*** Begin section ***

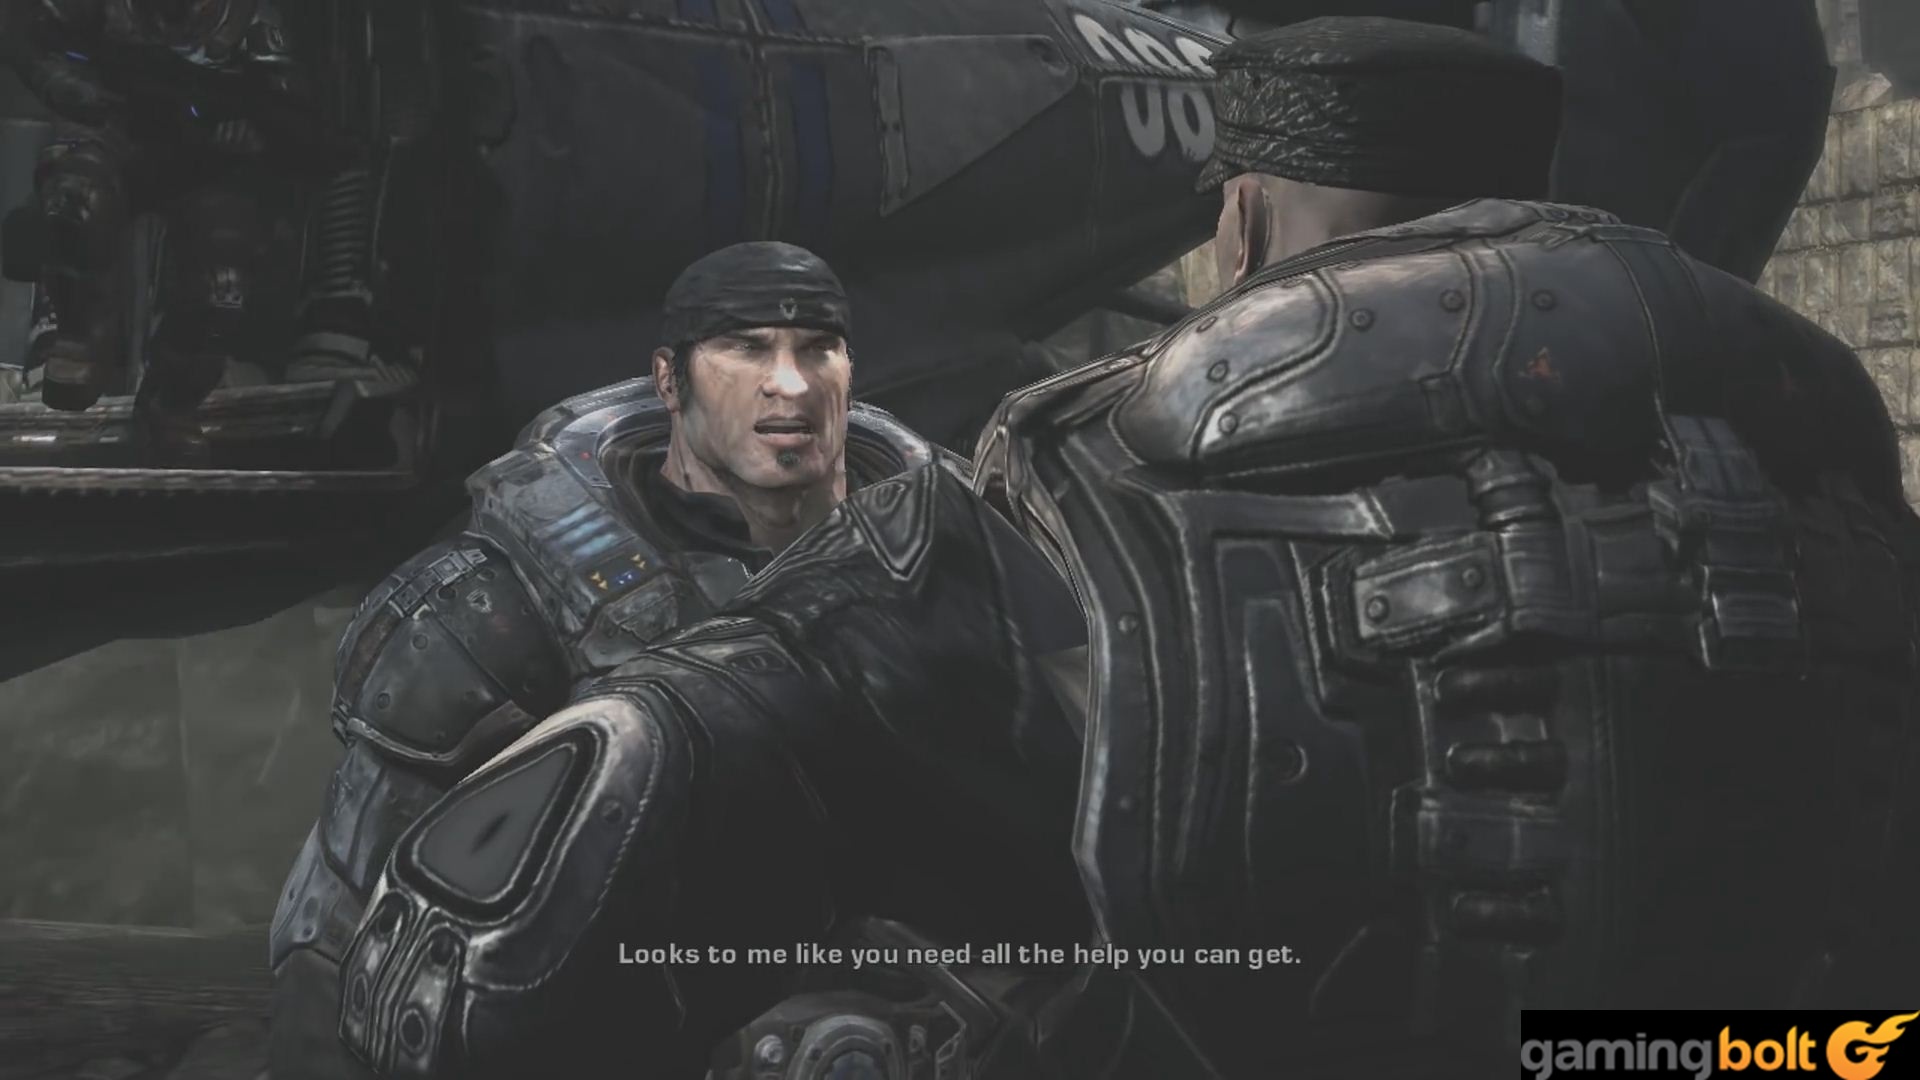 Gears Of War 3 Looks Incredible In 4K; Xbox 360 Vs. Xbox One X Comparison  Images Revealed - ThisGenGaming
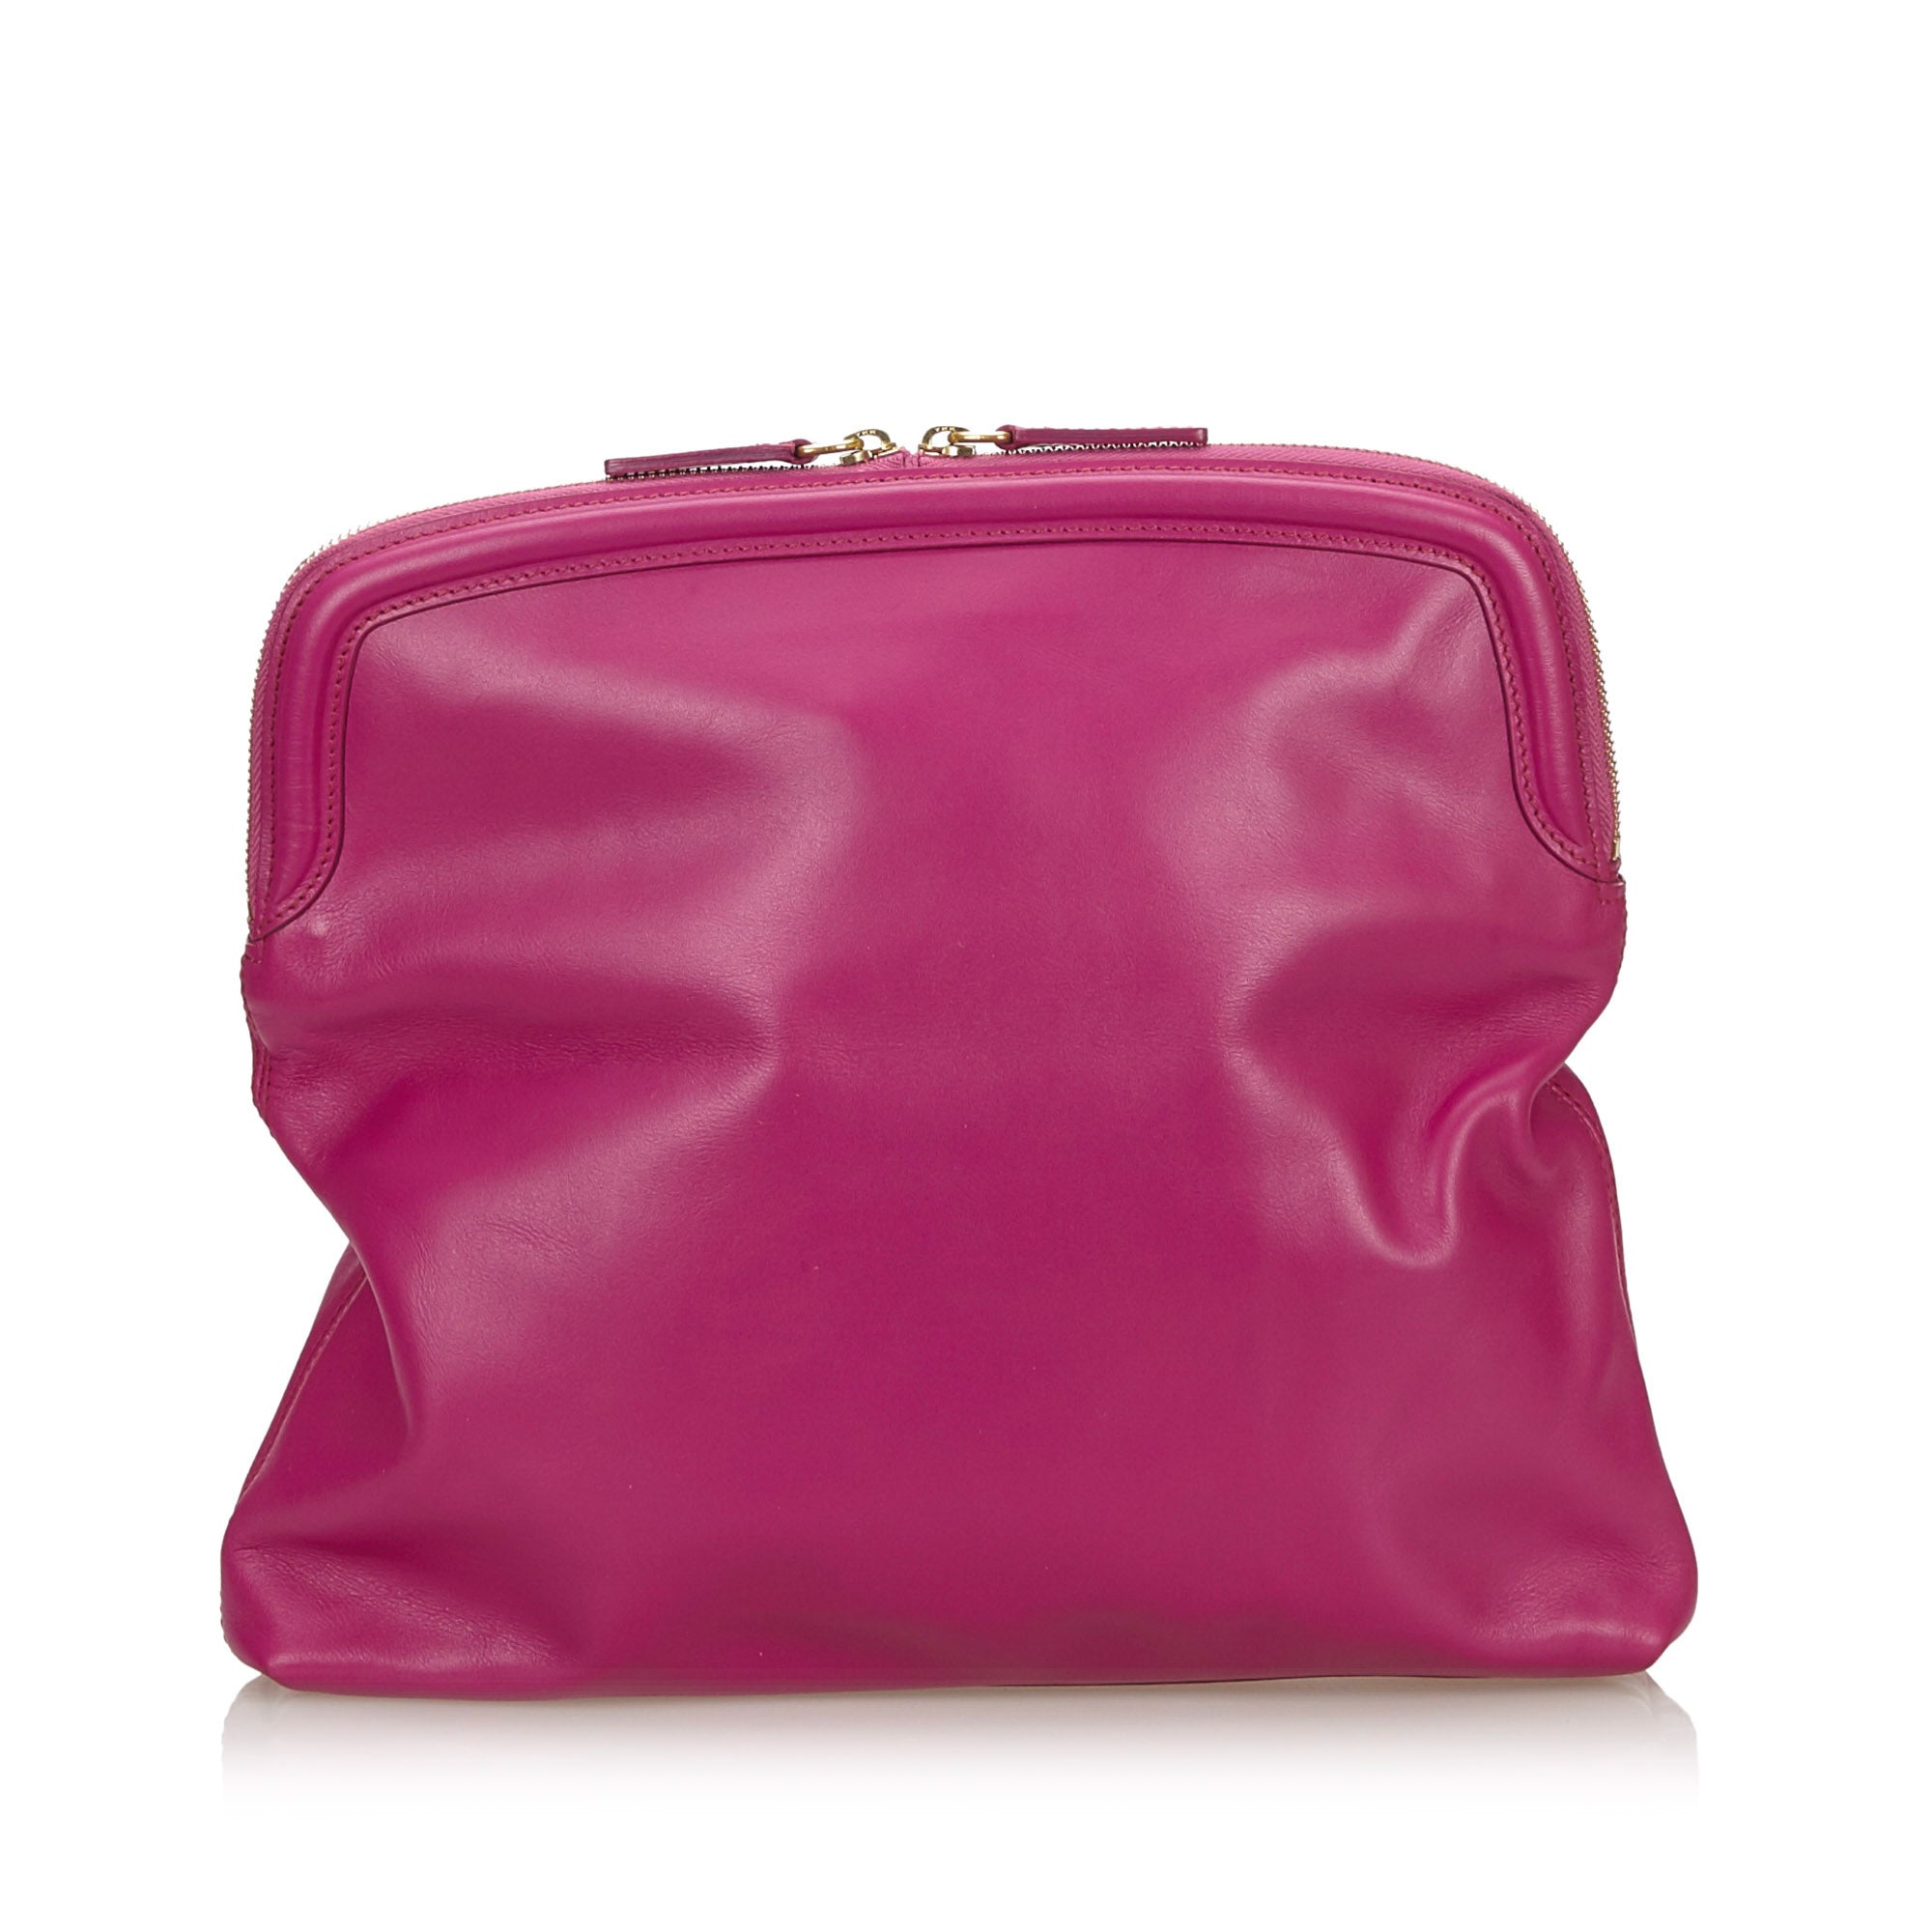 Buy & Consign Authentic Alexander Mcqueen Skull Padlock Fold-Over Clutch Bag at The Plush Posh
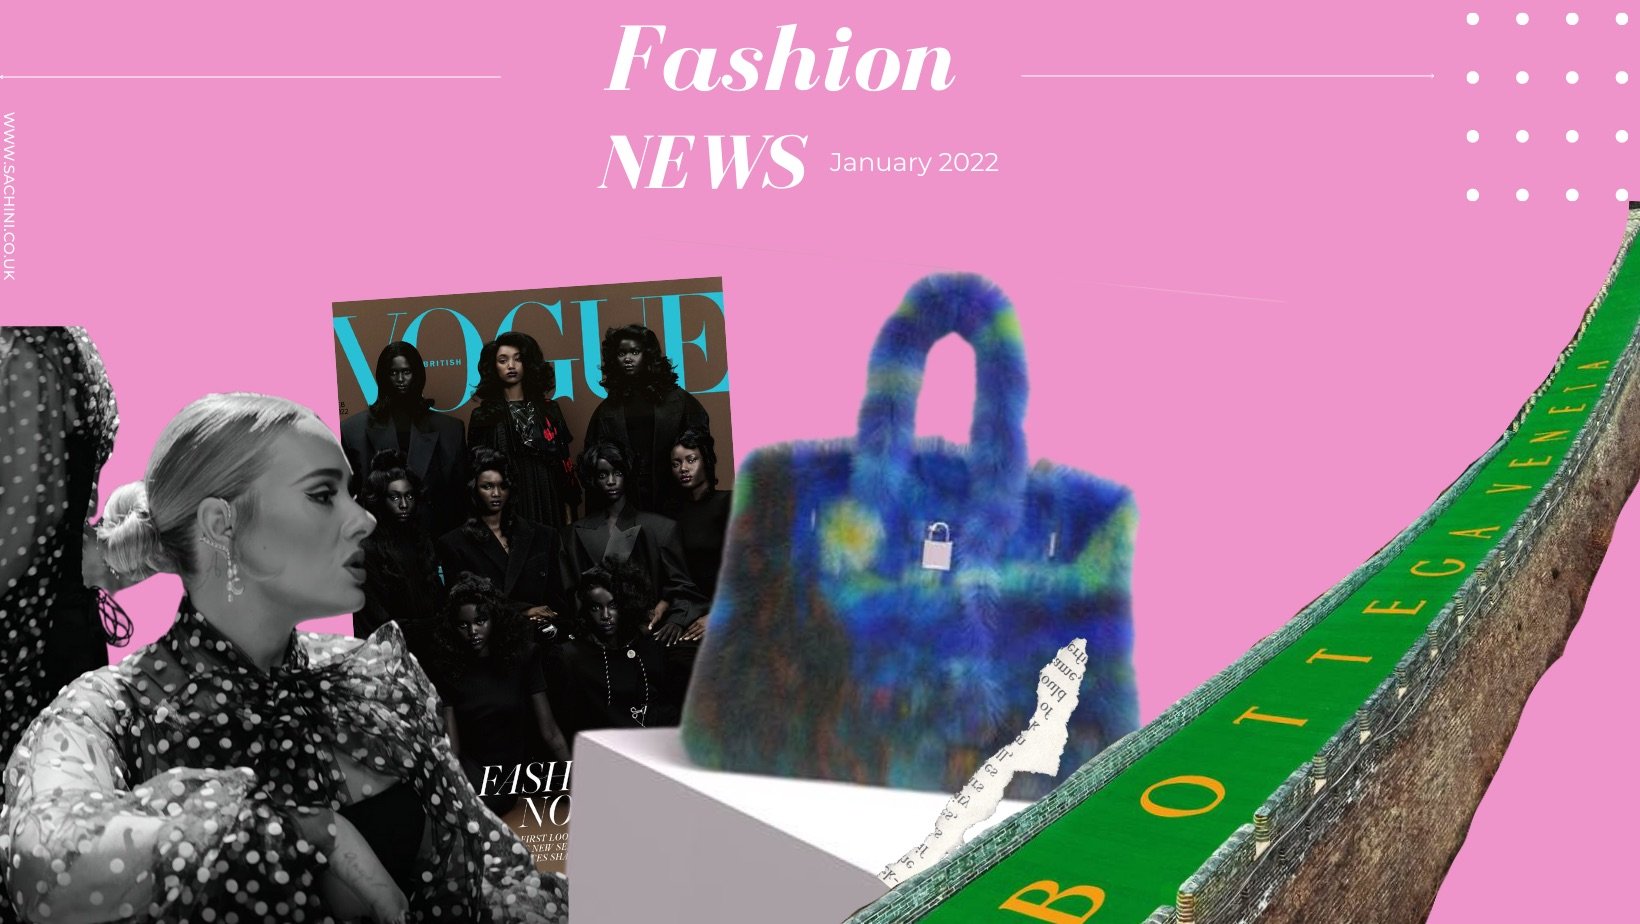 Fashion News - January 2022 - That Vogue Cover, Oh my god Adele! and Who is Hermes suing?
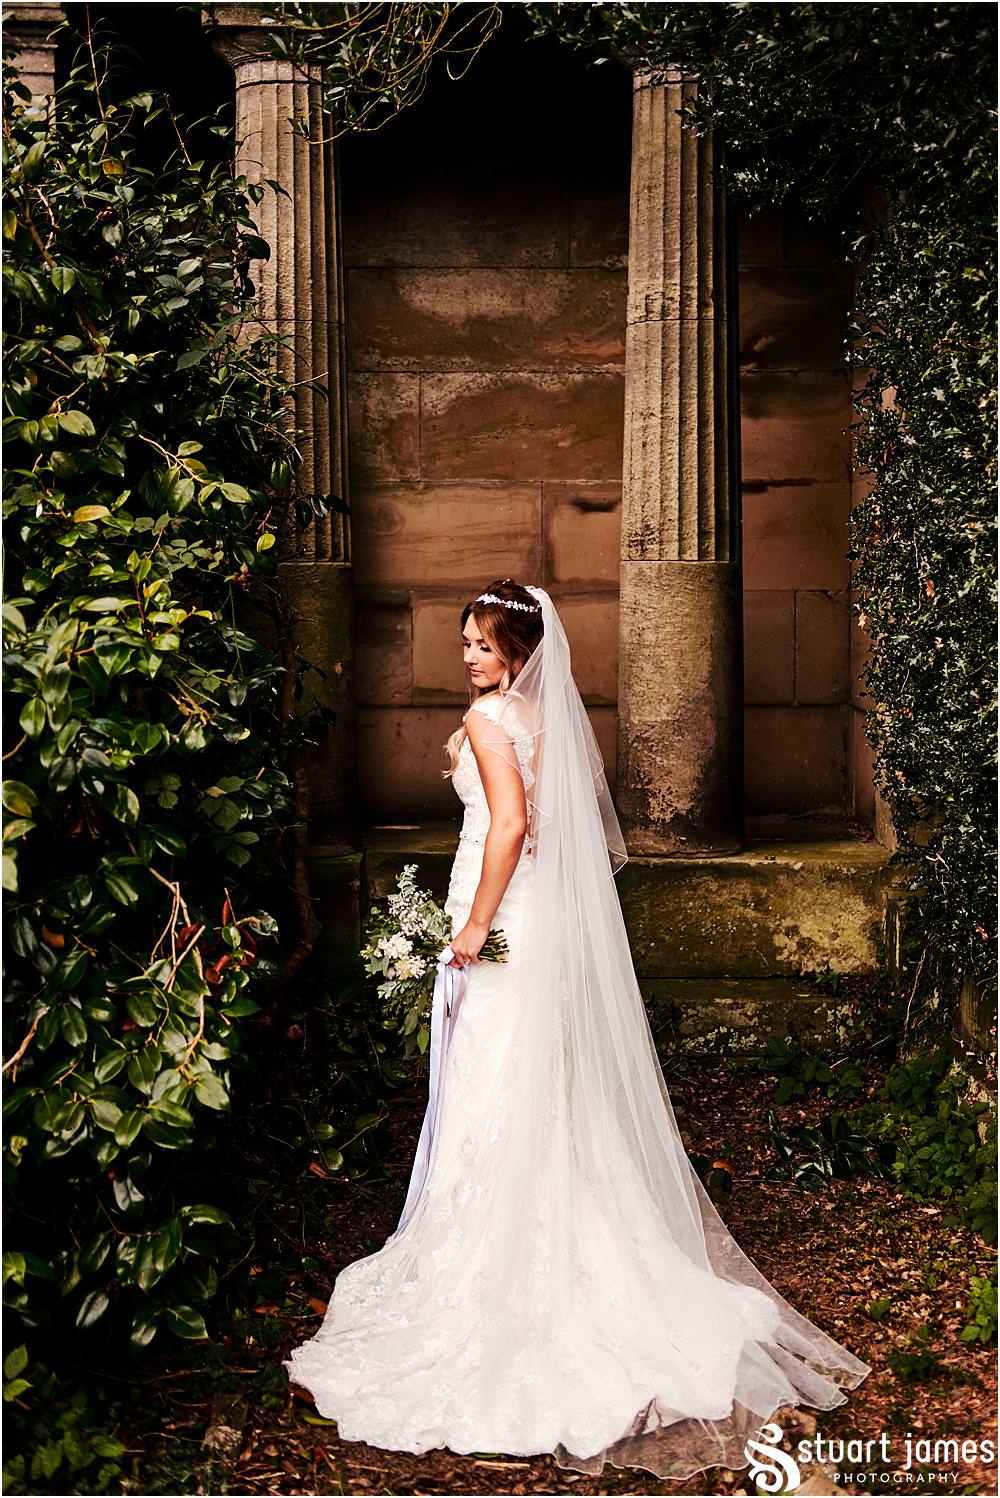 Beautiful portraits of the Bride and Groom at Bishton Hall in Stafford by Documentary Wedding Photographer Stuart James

*** End section ***

Your goal: Please write out the lines above exactly, from the one that contains "Buy & Consign" through the final line, and include none of the pictures.

Response box:
 Buy & Consign Authentic Alexander Mcqueen Skull Padlock Fold-Over Clutch Bag at The Plush Posh
 Fashion News - January 2022 - That Vogue Cover, Oh my god Adele! and Who is Hermes suing?
 Beautiful portraits of the Bride and Groom at Bishton Hall in Stafford by Documentary Wedding Photographer Stuart James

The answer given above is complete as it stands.